Por que? e como? Como os pintores cada vez menos se tem querido occupar com estas questões, o mercantilismo se foi apropriando da confecção de todo o material artístico, sobre o pretexto de lhes poupar tempo na confecção do mesmo material! Ora, a industria foi progredindo com o desenvolvimento da chimica, mas foi também [Pág. 2] facilitando imitações desastroza que os artistas tiveram de supportar pondo assim bem caro a sua negligencia ou mesmo bôa fé.
Por que? a esta interrogação se responde pouco com a resposta á primeira e mais algumas outras razões como seja por exemplo a falta de um ensino systhematico sobre os differentes processos materiaes da pintura entendendo-se que basta adquirir reputação de Pintor para poder decidir sobre o emprego, qualidade, e authenticidade de qualquer materia das que se uzam em pintura. Não é preciso mais para demonstrar que o ensino dos processos materiaes da Pintura, se impõem como uma necessidade imperiosa numa Escola superior de Bellas Artes.
Existindo duas cadeiras de Pintura em nossa Escola Nal de Bellas Artes, pensei logo que me foi confiada a regência de uma d'ellas [...] de dar-lhe uma feição prática; sem prejuizo da materia.
Doutrinaria, procurando dar aos meus [Pág. 3] alumnos noções positivas sobre os principais processos materiaes, familiarizando-os com o material e seu emprego.
Claro está que não se pretende fazer de cada alumno um especialista em cada um dos processos em uso, mas colocal-os em situação de conscientemente escolher aquelle que melhor se coadune com o seu sentimento, offerecendo-lhe assim facilidades maiores para o seu desenvolvimento.
Foi por essas razões que adaptei três dos principais processos mais praticados actualmente, os quaes não somente se auxiliam mutuamente como instruem o artista sobre o grande numero de material empregado na Pintura = São elles a aquarella, a tempera e o óleo. = conquanto a aquarella propriamente dito tal como se pratica hoje, só surgisse no começo do século IX[1] sendo [Pág. 4] portanto a mais moderna; pareceu-me de toda a conveniência iniciar os jovens artistas começando por um processo que além de simples emprego, o material é de cômoda e fácil aquisição.
Com alguma noções práticas desse processo em que só são empregadas as tintas por transparência, pode o alumno enfrentar as difficuldades da Tempera, pintura que sem prescindir do processo nem do material da Aquarella, já comporta opacescencias e empastamentos, facultando maiores maiores recursos de correção.
Por ultimo poderão enfrentar a mais uzada de todas as pinturas hoje praticadas, a “Pintura a óleo”, embora hoje não seja considerada a mais sólida.

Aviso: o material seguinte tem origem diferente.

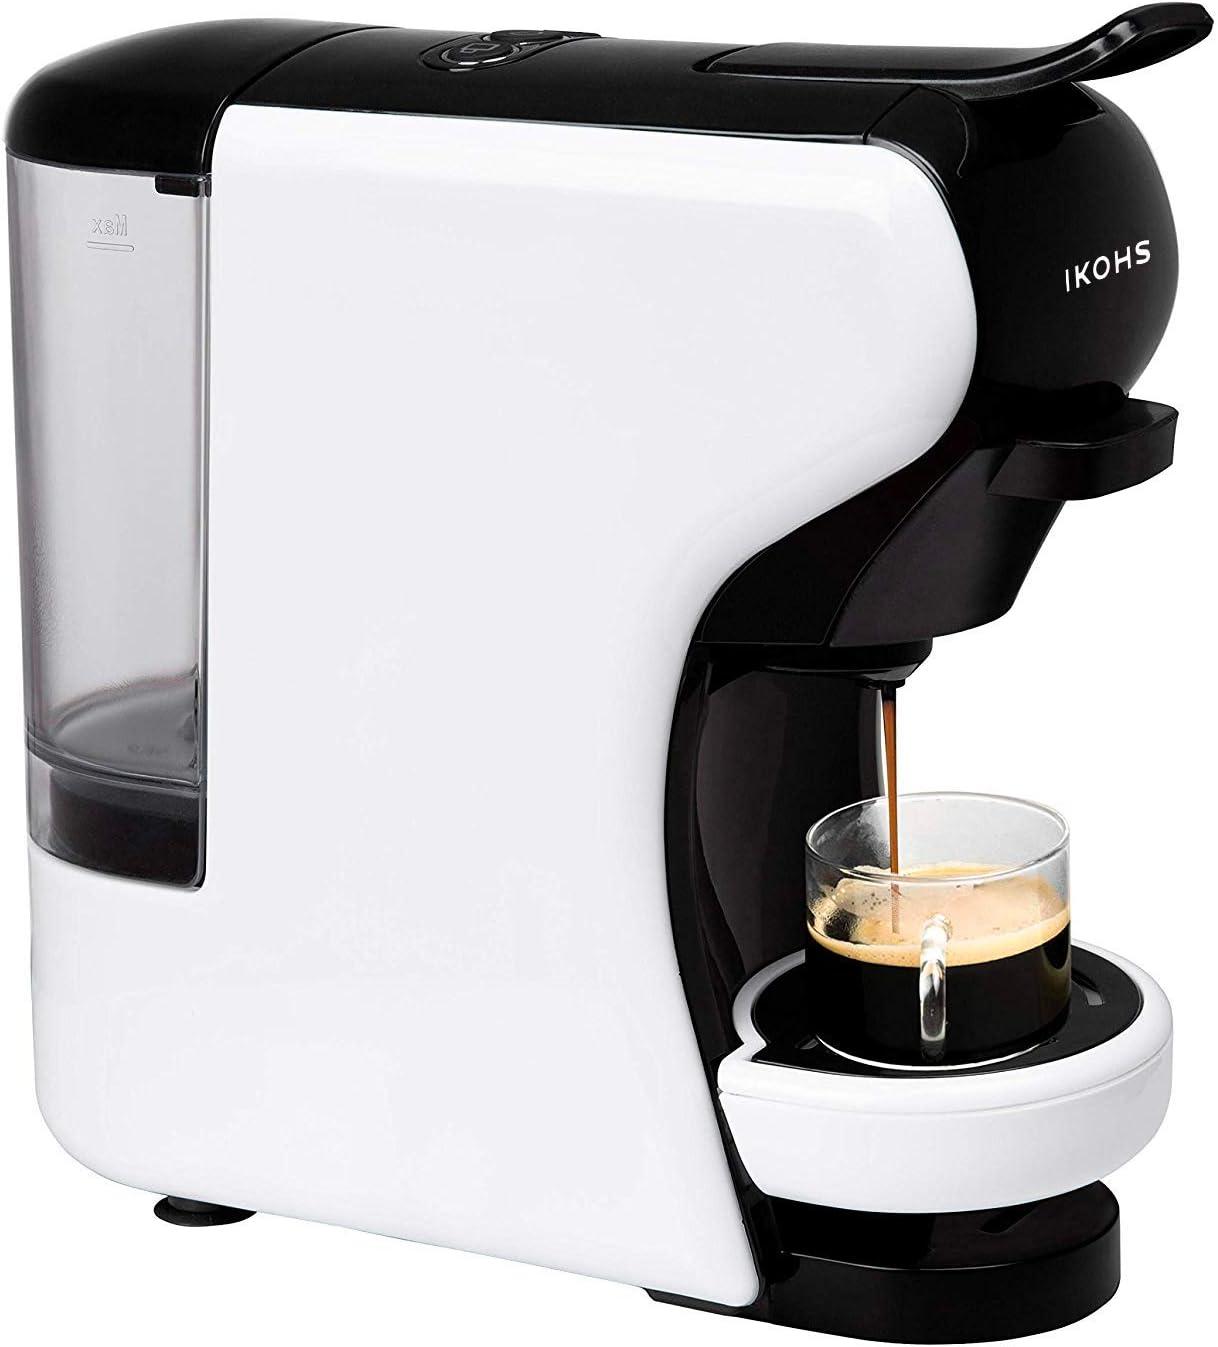 IKOHS Máquina de Café Espresso Italiano - Cafetera Multi Cápsulas Compatible Nespresso 3 en 1, 19 Bares con 2 Programas de Café, deposito extraíble, 0,6 L, Compacto, 1450 W, Apagado automático Blanco

Com trez annos de successivas praticas desses processos e com o manejo do material correspondente poderá o alumno que esteja possuído de grande amór à arte escolher o [Pág. 5] processo que melhor lhe convenha ou qualquer outro d`elles derivado como o gouache, a pintura a cera, etc etc.
Será precizo lembrarmo-nos que como bem diz J. G. Vibert[2] em seu notavel livro sobre a conservação da Pintura; “que, se dermos aos vindouros a impressão de que a Pintura não dura elles acabarão abandonando-a!...”
Profsor Rodolpho Amoedo
Escola Nal de Bellas Artes, 24 de março de 1933.
[1] Possivelmente, Amoêdo cometeu aqui um erro ortográfico, querendo se referir ao século XIX como época inicial do uso moderno da aquarela.
[2] Amoêdo se refere provavelmente ao livro de Jehan-George Vibert, La science de la peinture. Paris : Albin Michel, 1891. VIII, 332 p.